# Four Color to Fantasy...some questions...



## Great Cthulhu (Sep 26, 2002)

Going through one of my copies of FCtF I noticed that one thing it lacked was a system for determining saving throws. You might find this under individual power descriptions and I thing that is supposed to be the standard (10 + 1/2 power ranks = Save difficulty class?). But several powers mention saves with no DC or way to generate DCs mentioned (Status Sense, Telepathic Charm). Do I use that formula?

Is there a way to spend Hero Points to raise save DCs? I was thinking two Hero Points per +1 DC modifier (so I guess 2 power ranks per plus one DC). 

Does a characters ability modifiers add to save DCs at all?

Could you use a feat like 'Spell Focus and Improved Spell Focus' to raise power DCs? I would say rename them 'Power Focus' and affecting only one power at a time.

Thank you!

PS...I really loved this pdf! I cant wait for the Big Book of Superpowers to come out!


----------



## Blacksad (Oct 13, 2002)

I think that you're right with the default formula from p71.

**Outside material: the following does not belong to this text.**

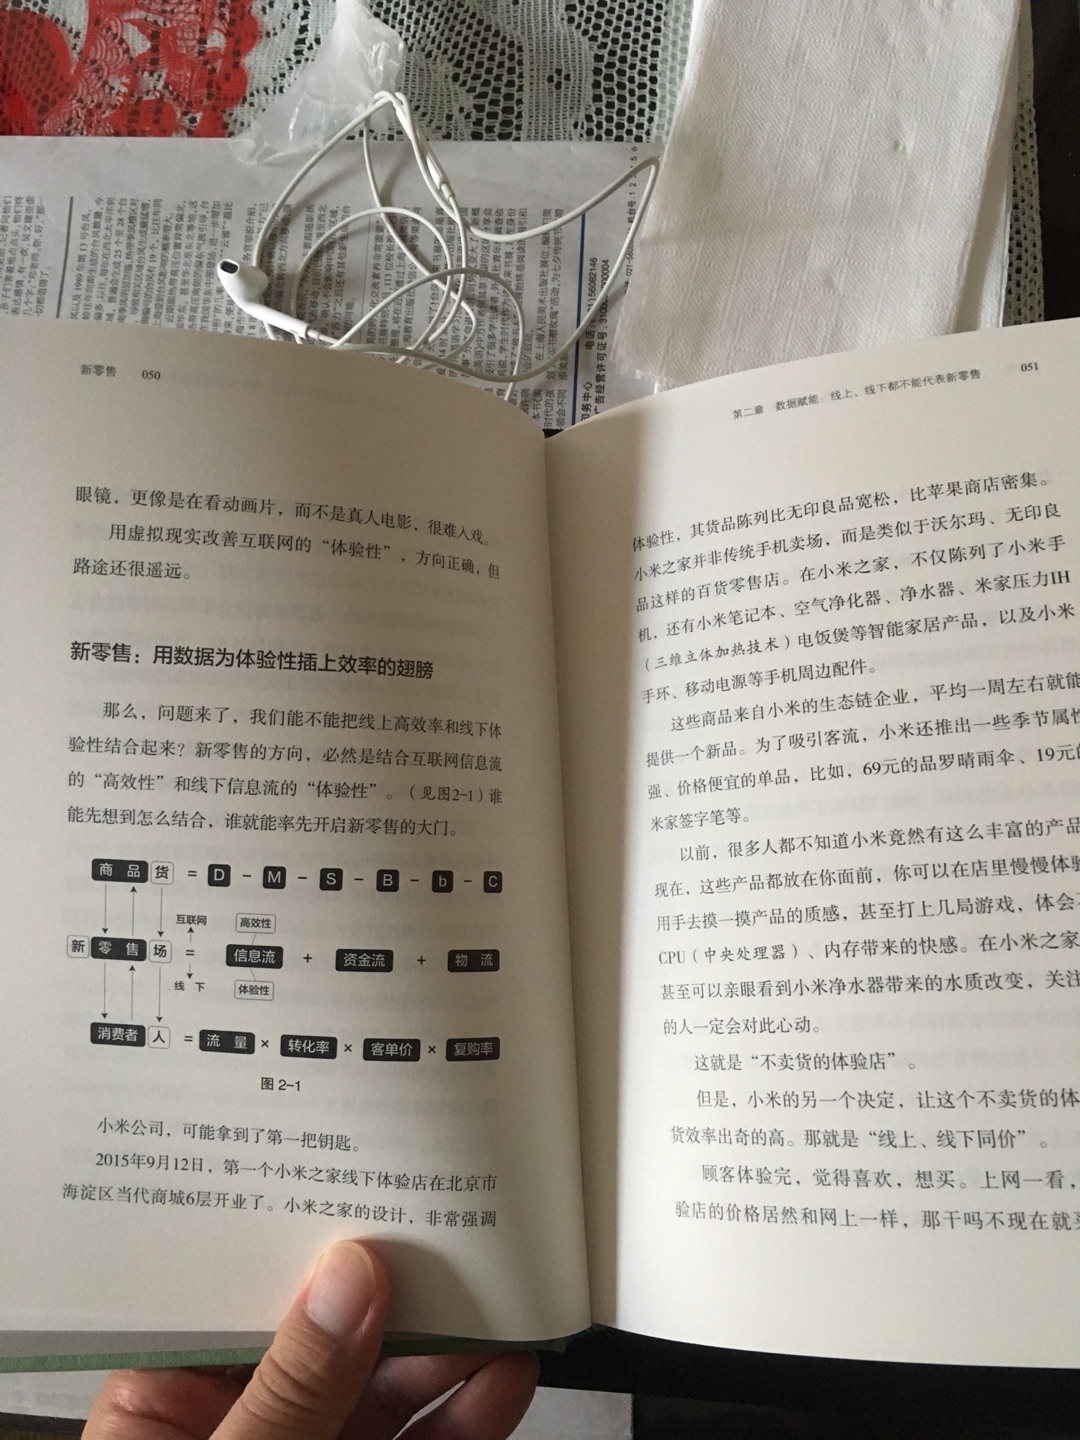 刘润老师的书出一本买一本  可惜稍晚一点  没有买到签名本  以后见面让老师签

On increasing those DC, You should post your idea in the threads to add contents for the big book of superpowers.


----------



## Great Cthulhu (Oct 14, 2002)

I did just that. Thanks for the idea.


----------



## Alzrius (Oct 30, 2002)

> Missing Superpower: "Ageless". This is actually called Immunity to Aging, and is as follows: It has a base rank of 1, and basically gives you the monk's ability to not suffer the penalties of aging, though you still die when your time is up. For 1 more rank, you just don't die of old age; only injury or violence can kill you.




Just wanted to be clear on this...so, if you take the base rank of the power only, you gain the mental ability stat bonuses as you age, but not the physical stat penalties, right?

If you take it for two ranks, then you basically have the same as I said above, but you just never die, is that correct? Or do you still suffer the physical aging penalties this way? The way that part of the power is phrased is slightly nebulous.

This last question is rather dumb, but it has to be asked anyway; if you have already gone through some aging bonuses/penalties before taking this power, they remain unchanged, yes?

Thanks!


----------



## Morrus (Oct 30, 2002)

Yes to all three.


----------



## RangerWickett (Oct 30, 2002)

But, the cost for ageless is generally assuming that you're playing a character of standard adult age.  It was mostly to just put a modest cost on the ability not to die of old age.  If you're making a character who starts off at age 90, but with the body of a nubile 18 year old, then the cost should be higher, because you're actually getting benefits from the power, rather than just negating penalties.

Actually, I think a GM would be fair to require you to use HrPs to pay for your increased Int, Wis, and Cha from old age if you want to make an older character with no stat penalties.  I might just want to ammend that.

Wow, we have a long list of ammendments to make in the Big Book.


----------